When child visitation is discussed, it is often thought of in terms of the arrangement between the parents and the child. However, there are circumstances where grandparents may be involved as well and want to seek visitation rights.
In Georgia, a grandparent can file an action for visitation rights and the court may grant these rights if it finds that it is in the best interest of the child. The court may consider whether the child’s health or welfare would be harmed if the visitation is not granted.
It may find that harm would be reasonably likely to occur where, prior to the filing of the action, the child resided with the grandparent for six months or more, the grandparent provided financial support for the child’s basic needs for at least one year or any other circumstance that indicates emotional or physical harm could occur if the visitation is not granted.

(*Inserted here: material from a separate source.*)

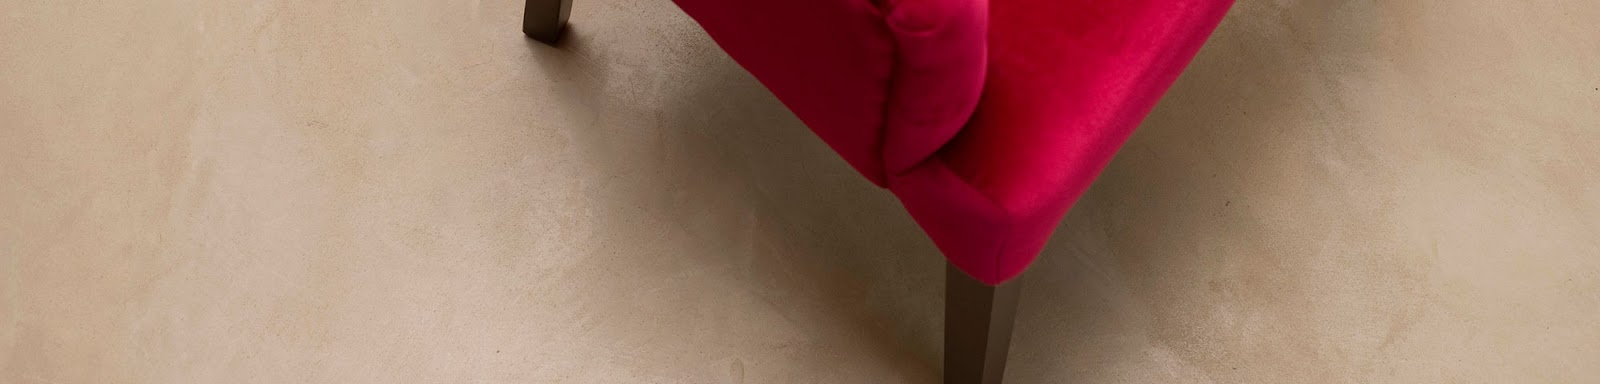 Cemento decorativo microcemento autonivelantes seamlesscret for Cemento pulido exterior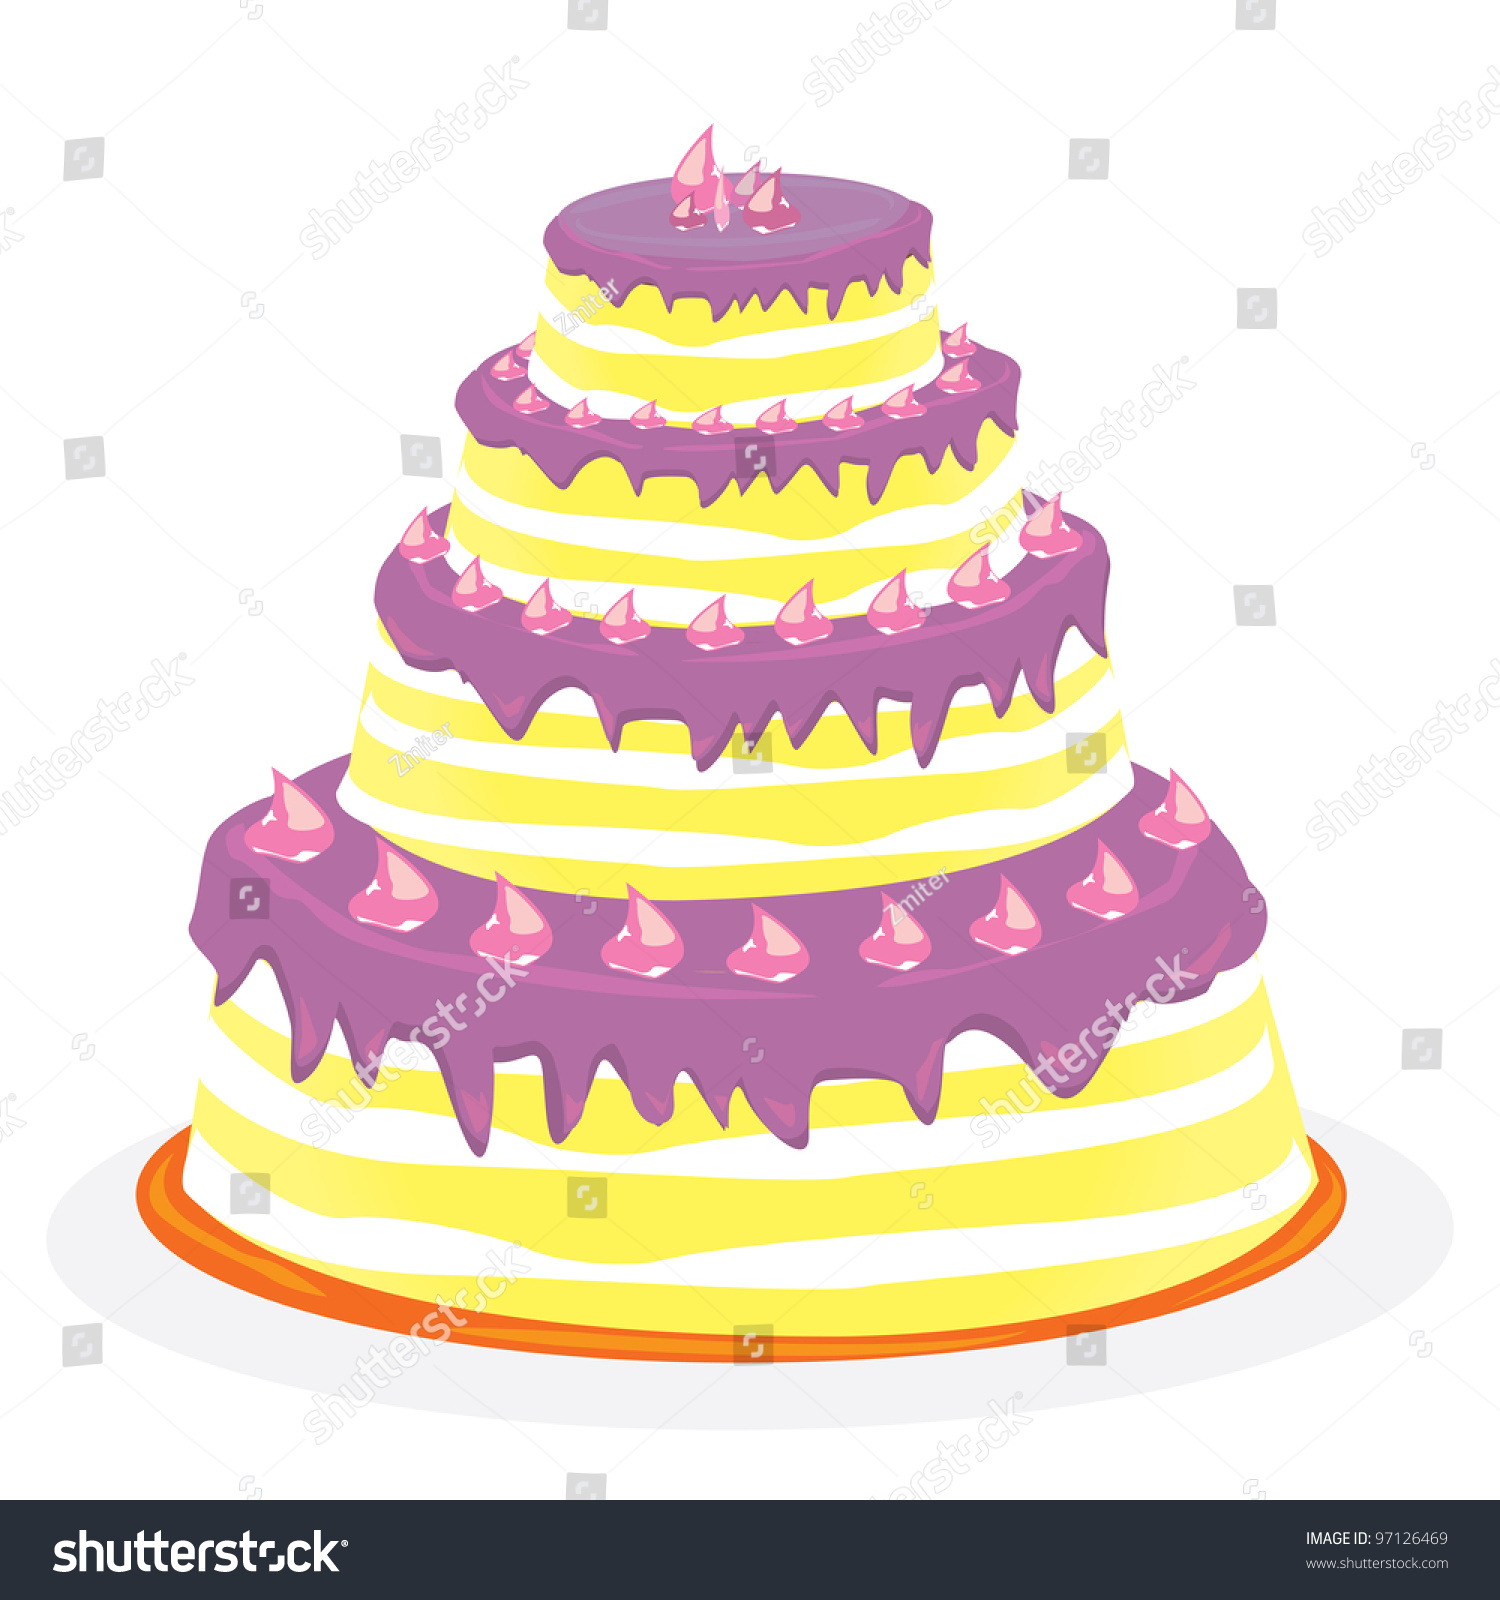 Flat vector festive wedding cake illustration. Objects isolated on ...

The grandparent’s visitation, however, cannot interfere with a child’s school schedule.
Reasons for visitation
Grandparents may seek visitation with their grandchildren in many situations. They may have safety concerns when a parent’s substance abuse makes him or her unable to properly care for the child.
They may also have concerns for the child’s emotional well-being in situations where the child’s parents are involved in a difficult divorce or separation.
If the child’s parent is deceased, the grandparent may also want to be involved to provide love and support.
Family structures are unique and each situation is different. However, grandparents who have questions about the visitation process may find the guidance of an experienced attorney helpful.